• Many people know that a Will has to be in writing and signed by the testator in the presence of two witnesses to be valid. But did you know there is a way of gifting property on death without even committing wishes to writing?

    It can be done by the obscure legal doctrine of ‘Donationes Mortis Causa’ (‘DMC’) which translates as ‘gift in contemplation of death’.  It is a relic of Roman law, with one Judge commenting, “the doctrine obviously served a useful purpose in social conditions prevailing under the Roman Empire, but it serves little useful purpose today”.  That said, Mr Masudur Rahman, who recently relied on the doctrine to receive the £3.15 million estate of a Mr Al Mahmood, may disagree.

    DMC is a gift made by a living person (a donor) in contemplation of their impending death, subject to the condition that they do indeed pass away in the near future. A period of four months between gift and death is too long, and if death ceases to be ‘impending’ (e.g. the donor recovers) the gift is revoked.

    The donor must take sufficient steps to deliver the gift to the donee, (e.g. physically giving it or giving a key to something containing it). In the case of land, shares and bank accounts – which cannot be physically given – the donor must part with their ‘dominion’ over it – i.e. the means by which it is accessed (e.g passwords).

    Honouring a verbal legacy

    Mr Rahman was a distant relative of Mr and Mrs Al Mahmood, who had no children. They made Wills in 2015 leaving their property to the survivor of them, and then to nephews/nieces who they rarely saw.  Over time, Mr Rahman became close with the Al Mahmoods and they came to rely on him as they aged and suffered poor health. Sadly, on 6 October 2020, Mrs Al Mahmood unexpectantly died.

    When well wishers called upon Mr Al Mahmood to pay their condolences, he told them that Mr Rahman was, figuratively speaking, his son and that his UK property was ‘all for Masud.’  He frequently referred to his own death, believing that he only had a short time to live and he wanted to put his affairs in order.

    Within days, Mr Al Mahmood instructed a Will writer to make a new Will leaving all his property to Mr Rahman. On the same day, he asked Mr Rahman to bring him two bags situated in his office containing documents relating to his three properties, bank/building society accounts and his share account with Hargreaves Lansdown. He said that he would die soon and was giving all the assets to Mr Rahman.

    By 20 October 2020, Mr Al Mahmood was agitated that he had not heard from the Will writer. He asked Mr Rahman to bring the bags to him again. This time, he explained all the login details for the accounts and handed Mr Rahman bank cards, pin readers and other security information. He also gave Mr Rahman the land certificate and leases for the three properties – telling him that ‘everything was his’.

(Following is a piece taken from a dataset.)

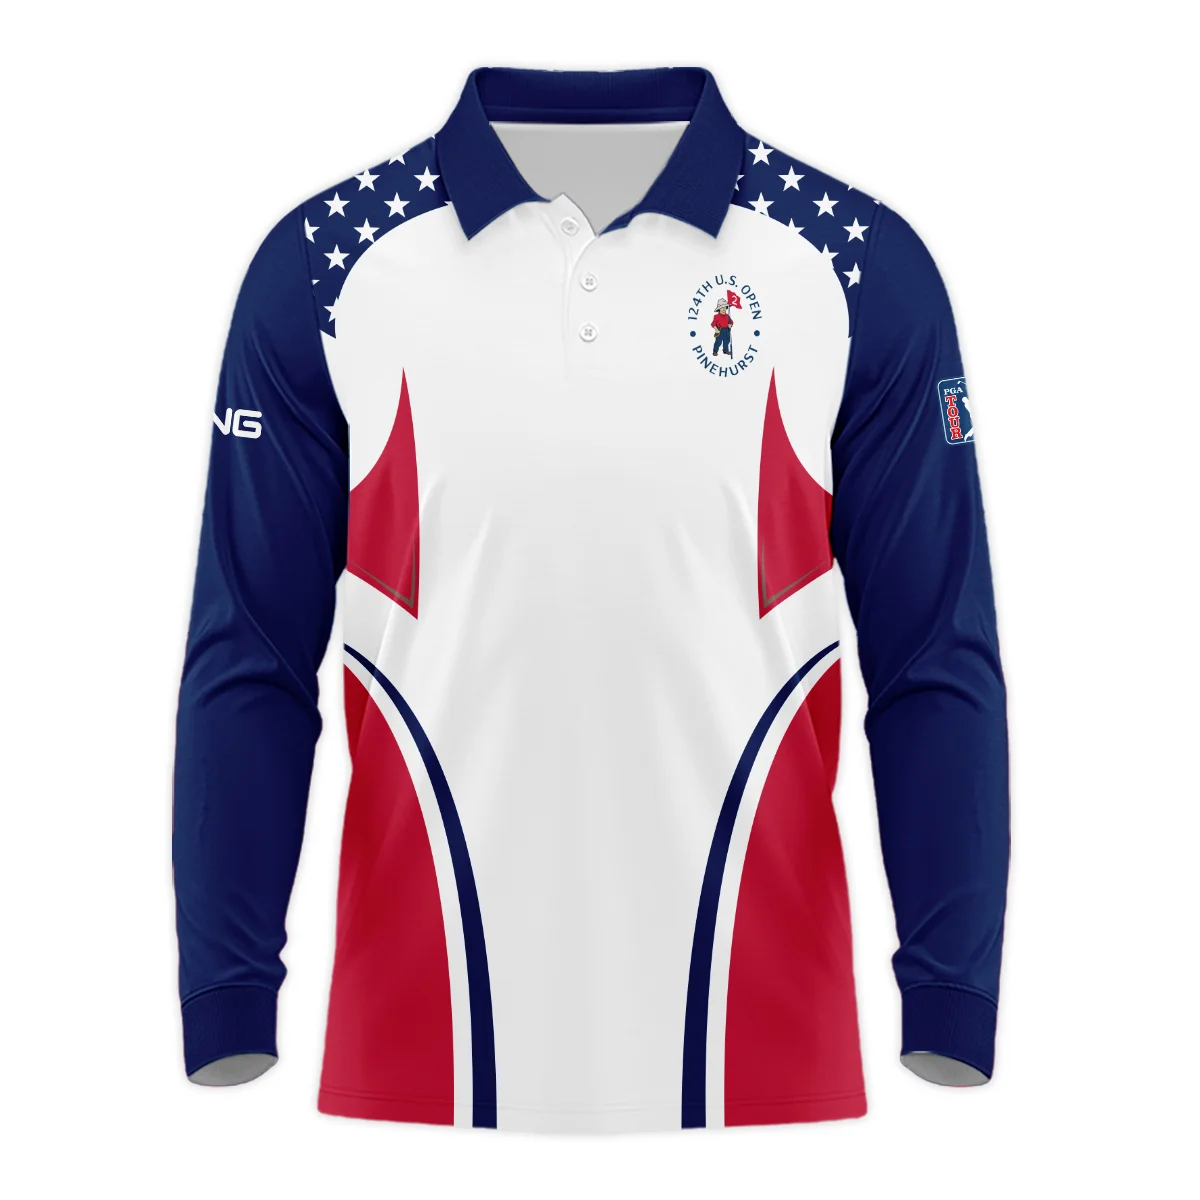 124th U.S. Open Pinehurst Ping Stars White Dark Blue Red Line Long Polo Shirt Style Classic Long Polo Shirt For Men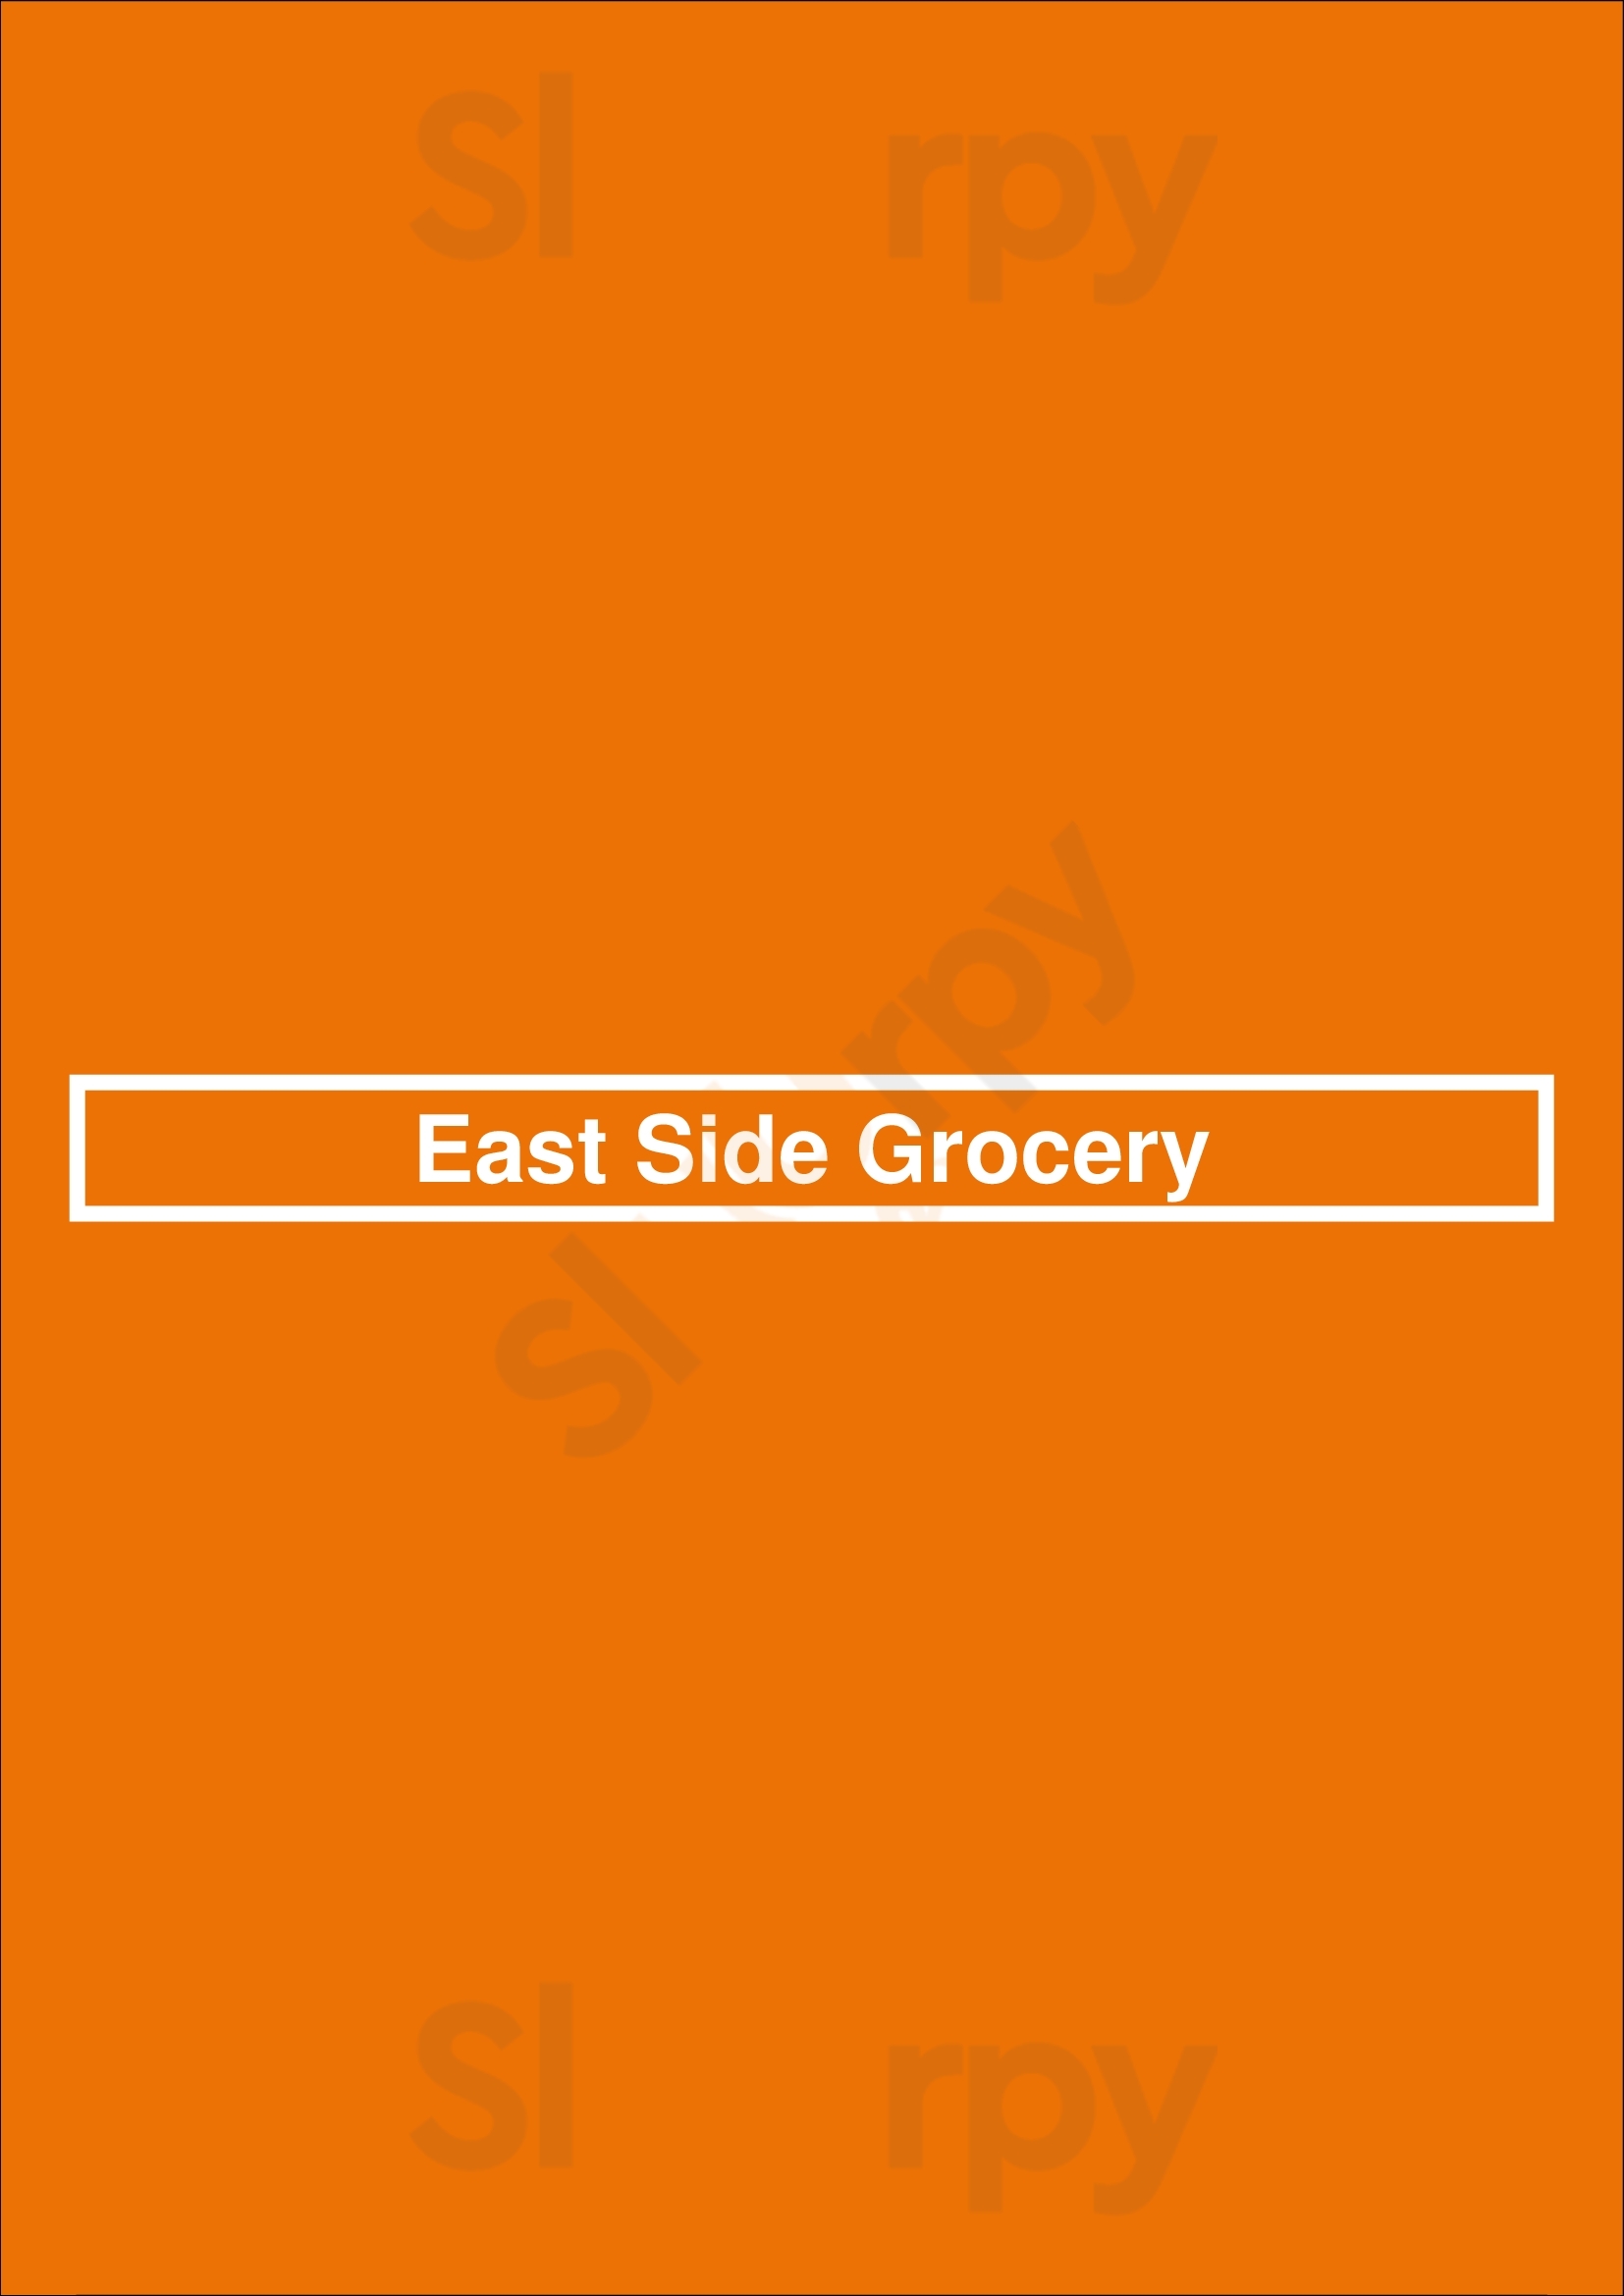 East Side Grocery New York City Menu - 1

    Three days later, Mr Al Mahmood sadly died. He had still not executed his new Will, but as it turned out that did not matter because the court found he had gifted all of his property, except the contents of his three properties, to Mr Rahman on 20 October 2020 by the DMC doctrine.

    Why a Will is always best

    Whilst it was good news that Mr Al Mahmood’s last wishes were followed because Mr Rahman’s lawyers were familiar with the DMC doctrine and able to produce evidence to the court which discharged the burden of proof it is far better to make a valid Will. The courts do treat DMC claims with strictest scrutiny because of the potential for them to be fabricated. At Brachers, we recommend that you make a valid Will and review it every few years to ensure it still reflects your wishes.